How to Plane End Grain

Last reviewed on 2026-04-24

Planing end grain is where most beginners meet their first catastrophic tearout. The fibers at the far edge of the board have nothing supporting them, and a plane pushing across end grain will blow those fibers out as a ragged corner. The good news is that end grain is straightforward once you understand why it blows out — and three well-known techniques make it routine.

Why End Grain Tears Out

End grain is the cross-section of the fibers. When a plane iron reaches the far edge of an end-grain cut, the fibers beyond the iron have nothing to push against. The iron pries them out of the board instead of slicing them, producing a splintered exit edge. Preventing that moment — when the iron runs off the far edge with no fiber support — is the whole task of planing end grain safely.

Three Methods

1. Chamfer the Far Edge

Before you start the main cut, use a block plane or chisel to put a small chamfer — 1 mm or so is plenty — on the far edge where the plane will exit. That chamfer means the far fibers no longer exist at the exit; any tearout that happens lands in the chamfered waste, not in the finished edge. It is the simplest and most reliable method and the one most woodworkers use by default.

2. Plane From Both Ends

Instead of one long stroke across the entire width, plane only part way from one side, then flip the board and plane from the other side to meet the first cut. Because you always stop short of the far edge, no fibers are forced to exit. The two cuts meet somewhere in the middle. This is the method of choice when you cannot chamfer the far edge — for example, on a board whose final edge must be sharp.

3. Use a Backing Board

Clamp a scrap piece of the same thickness tight against the far edge of the workpiece. The backing board's fibers take the blowout, not the workpiece. This is the method used when chamfering is not possible and when the end grain must be planed in continuous full-width passes — for example, when using a shooting board.

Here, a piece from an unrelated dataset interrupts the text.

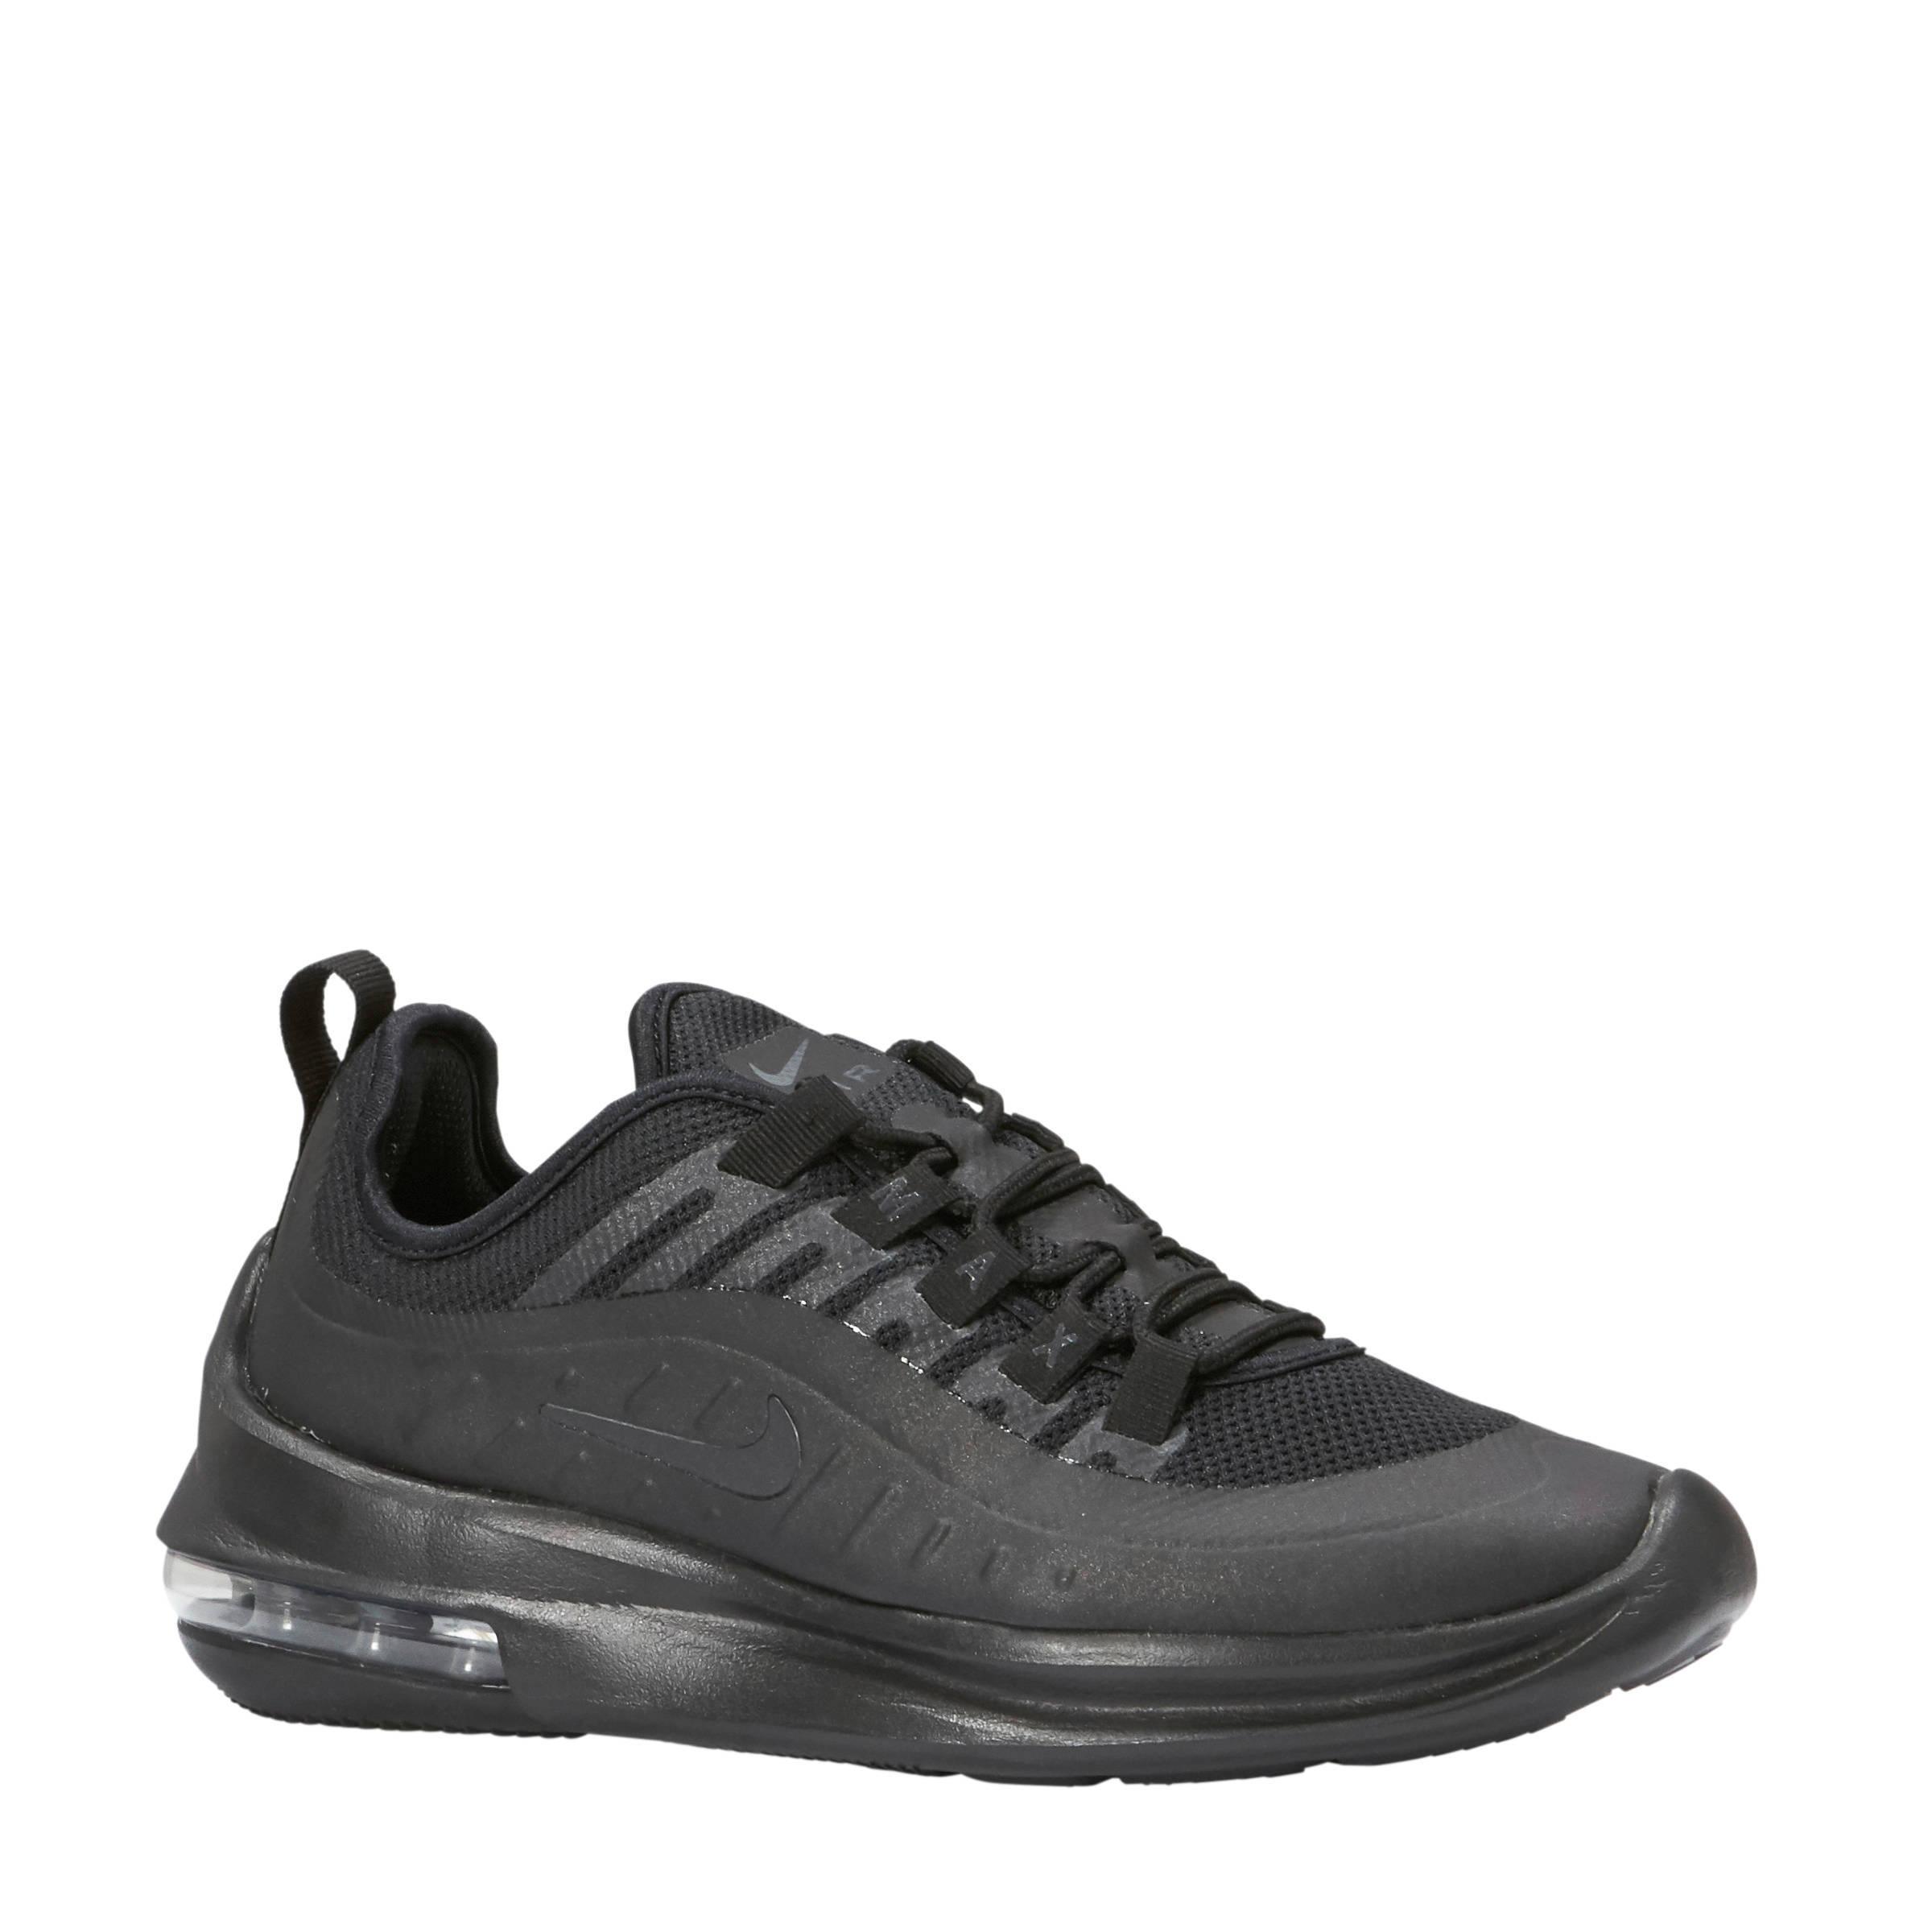 7d85cc26661 nike-air-max-axis-sneakers-zwart-zwart-0884751363672.jpg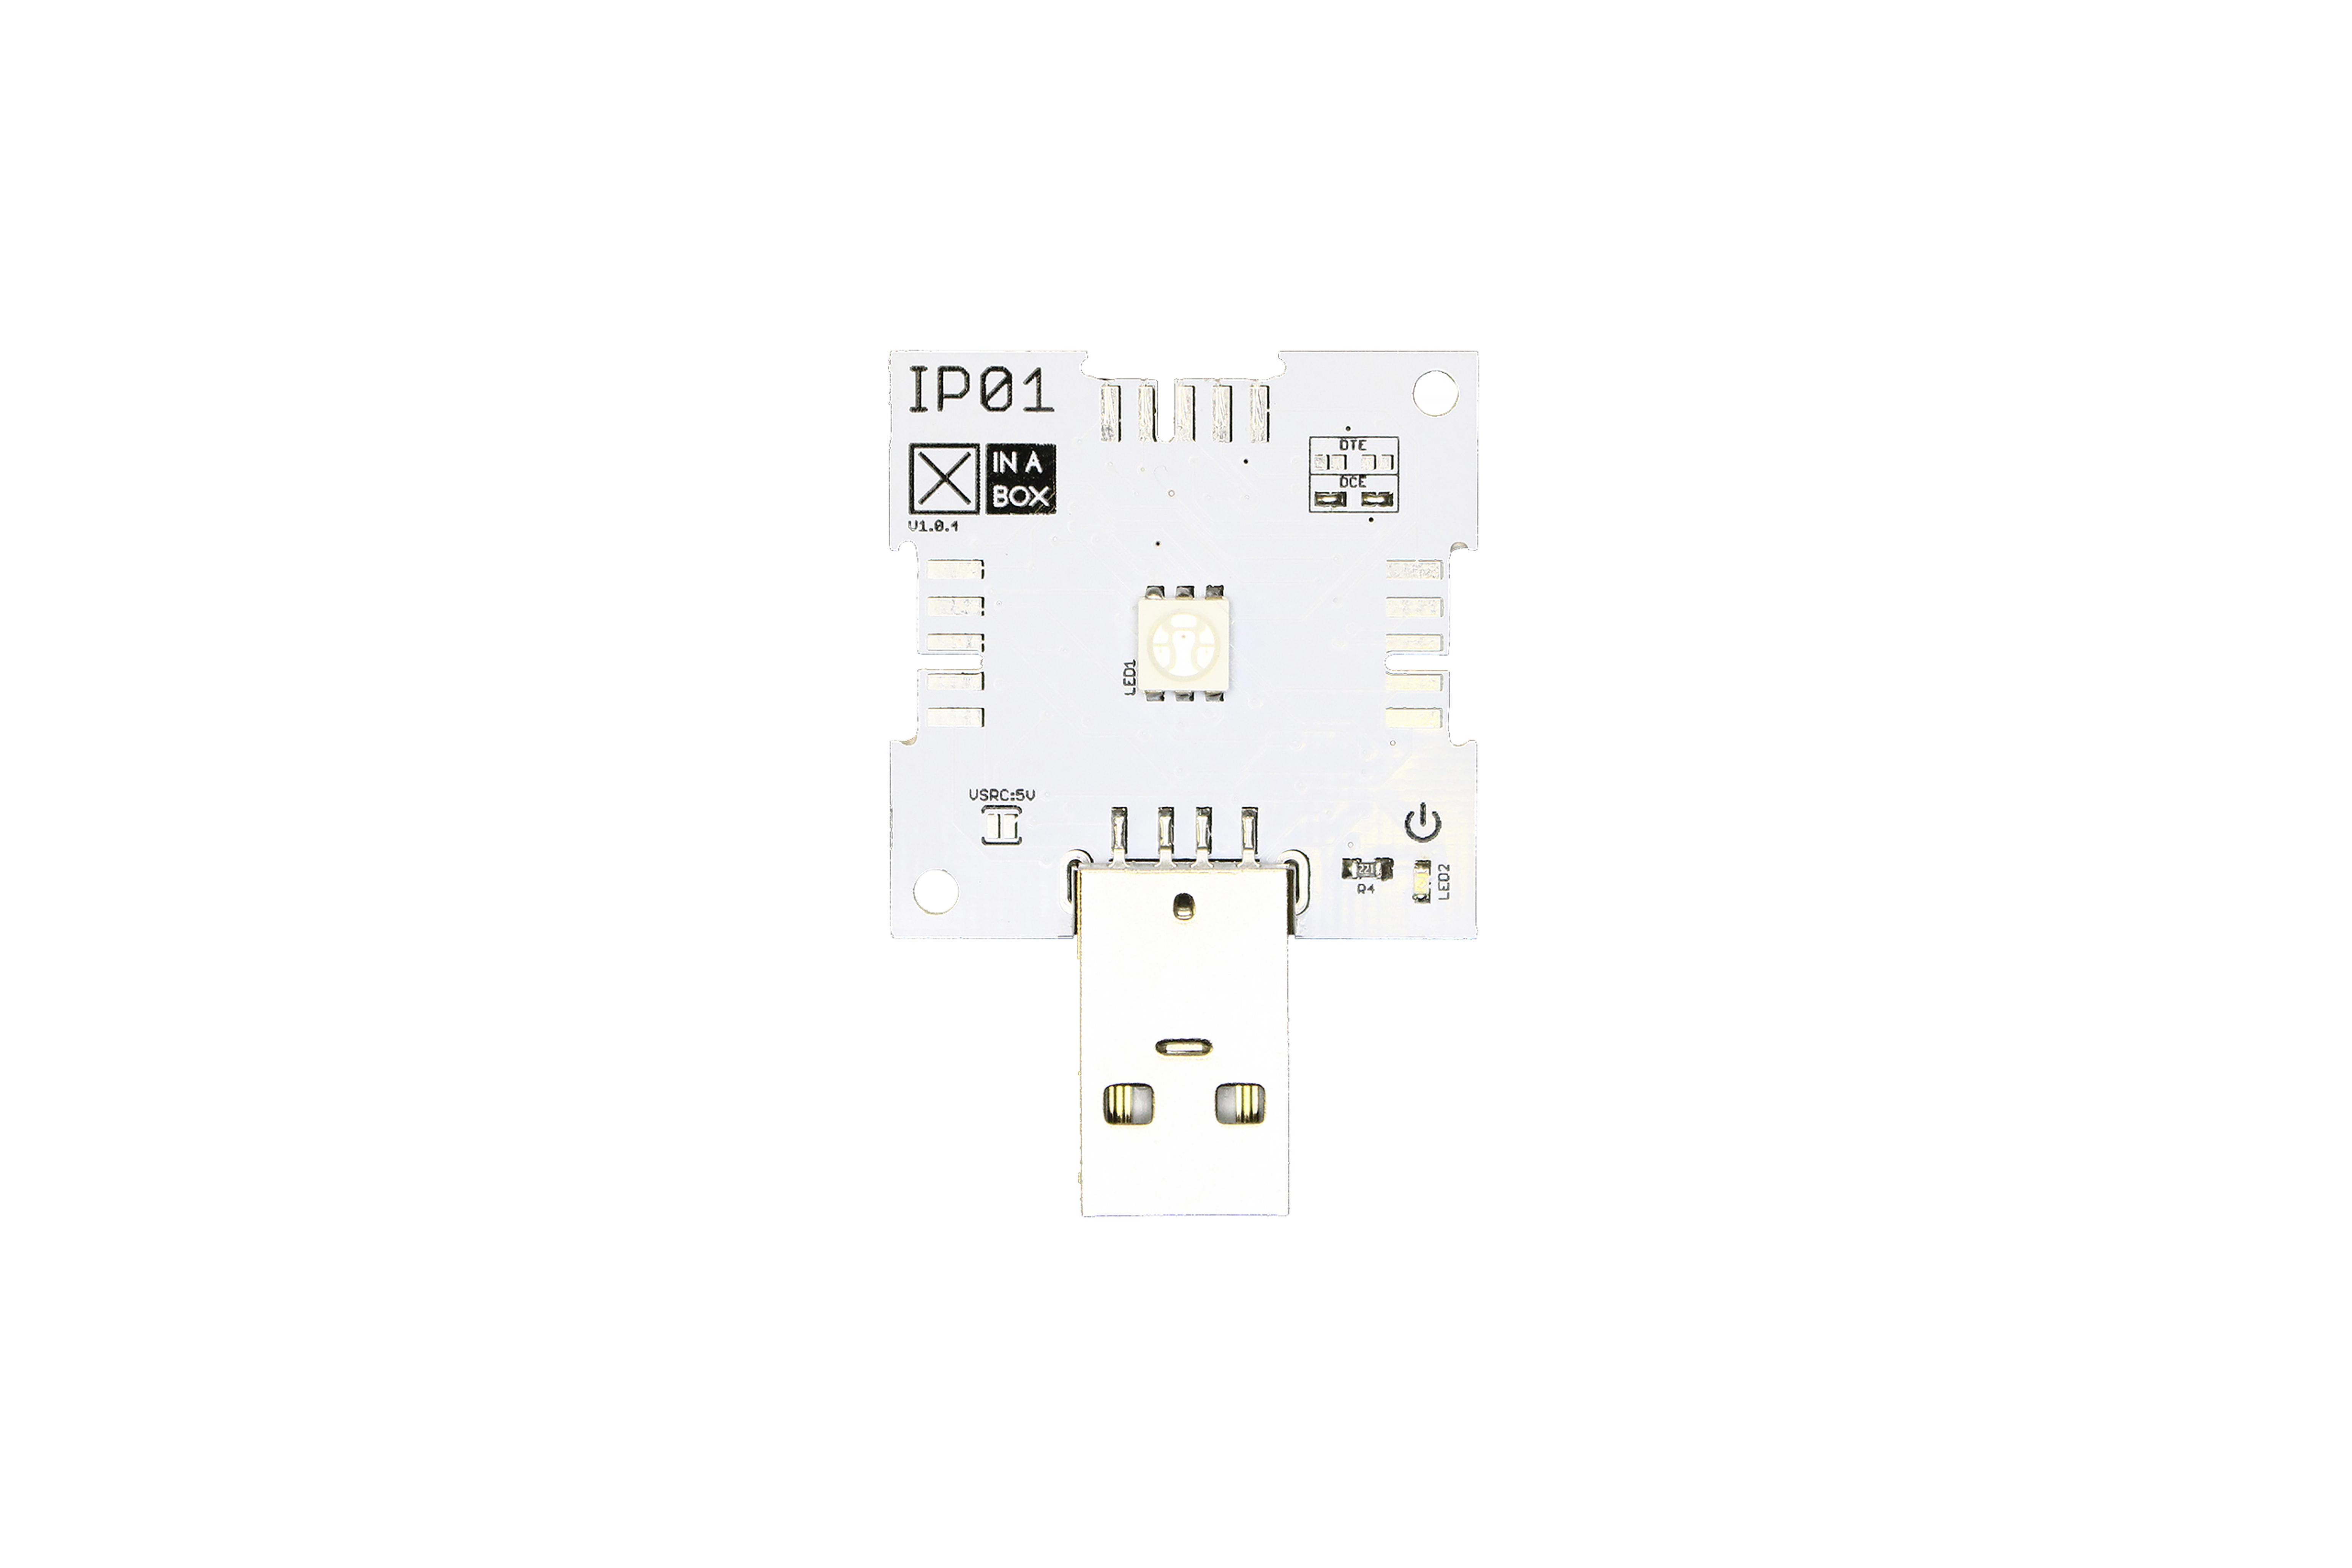 Xinabox Ip01 - USB Programming Interface (Ft232R)

Plane Geometry for End Grain

End grain cuts cleanly with a low effective cutting angle. The classic choice is a low-angle block plane (bed angle 12°, 25° bevel, for a 37° cutting angle). A bevel-up bench plane with a similar setup is also excellent. A standard bevel-down bench plane at 45° will work but requires a sharper iron and more effort; on end grain a 37° plane feels dramatically easier.

Technique Tips

What Good End Grain Looks Like

A cleanly planed end grain surface has open pores, no splintered edges, and reflects light much like face grain on the same board. It should be smooth under the fingertip — comparable to what 400-grit sandpaper produces on face grain. Finish applied to end-grain always absorbs more quickly than on face, but a planed surface accepts finish evenly without the "blotch" of sanded end grain.